There is no ambiguous language in the provision at hand. The statute clearly provides that a mediated settlement agreement will not be enforceable unless it contains a provision stating that it is binding. The handwritten document prepared by the parties did not contain such a provision. Given a strict, plain language reading, the statute precludes enforcement of the document.

*930 However, IRN contends that such a reading would accomplish an absurd result in this case. When the literal meaning of the words of a statute produces an absurd result, we have recognized our obligation to look beyond the statutory language to other indicia of legislative intent.[7] IRN argues that the legislature clearly intended to protect parties who are unrepresented at mediation and who might not be aware of the legal consequences of the proceedings. Thus, IRN argues that when parties are represented at mediation by attorneys, there is no need for the requirement that the mediation settlement contain a provision stating that it is binding. We disagree. Requiring that a settlement agreement contain a provision stating that it is binding, even when both parties are represented by attorneys, does not produce an absurd result. While IRN contends that the legislature intended this statute to protect only unrepresented parties, it is just as likely that the legislature intended that a settlement document state that it is binding in order to encourage parties to participate fully in a mediation session without the concern that anything written down could later be used against them. If the literal language of this statute yields an unintended result, it is up to the legislature to correct it. This court "will not supply that which the legislature purposefully omits or inadvertently overlooks."[8]

The plain language of the Minnesota Civil Mediation Act requires that a mediated settlement agreement prepared at the conclusion of a mediation session conducted under this Act contain a provision stating that the settlement agreement is binding. Because the handwritten document does not contain such a provision, it is, therefore, unenforceable.

Certified question answered in the affirmative.

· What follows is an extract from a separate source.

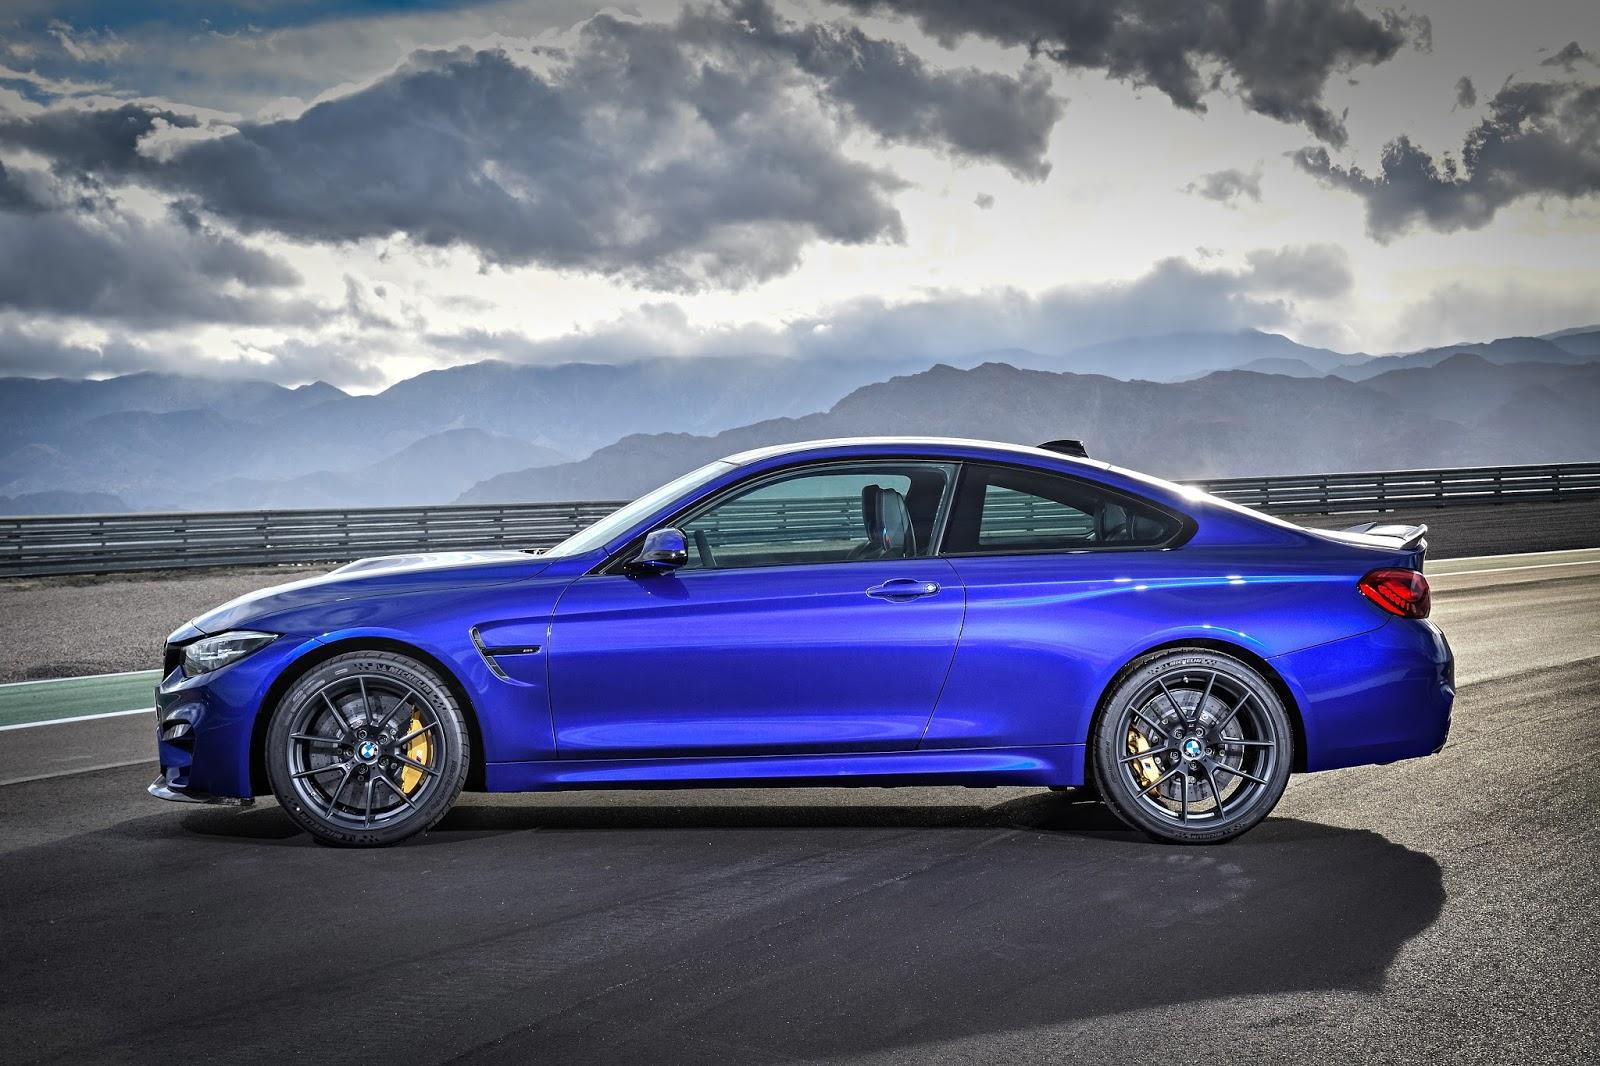 P90251024 highRes the new bmw m4 cs 04 1 Η περιορισμένης παραγωγής BMW M4 ClubSport δική σας με 116.900 ευρώ BMW, BMW M, BMW M4, BMW M4 CS, BMW Motorsport, clubsport, COUPE, Limited edition, supercars, supersport, videos, Περιορισμένης παραγωγής

GILBERT, J., took no part in the consideration or decision of this matter.

NOTES

[1] Minnesota Statutes section 480.061 (1996).

[2] Minnesota Statutes section 572.35, subd. 1 provides that:

A mediated settlement agreement is not binding unless it contains a provision stating that it is binding and a provision stating substantially that the parties were advised in writing that (a) the mediator has no duty to protect their interests or provide them with information about their legal rights; (b) signing a mediated settlement agreement may adversely affect their legal rights; and (c) they should consult an attorney before signing a mediated settlement agreement if they are uncertain of their rights.

[3] 53 F.3d 192, 194 (8th Cir.1995) (requiring that an evidentiary hearing be held when there is a substantial dispute concerning the existence or terms of a settlement agreement).

[4] In re Butler, 552 N.W.2d 226, 229 (Minn.1996).

[5] Minn.Stat. § 645.16 (1996).

[6] Olson v. Ford Motor Co., 558 N.W.2d 491, 494 (Minn.1997); State v. Gorman, 546 N.W.2d 5, 8 (Minn.1996); Olson v. Olson, 534 N.W.2d 547, 550 (Minn.1995); Waller v. Powers Dept. Store, 343 N.W.2d 655, 657 (Minn.1984); Feick v. State Farm Mut. Auto. Ins. Co., 307 N.W.2d 772, 775 (Minn.1981).

[7] See Wegener v. Comm'r of Revenue, 505 N.W.2d 612, 617 (Minn.1993).

[8] Green Giant Co. v. Comm'r of Revenue, 534 N.W.2d 710, 712 (Minn.1995).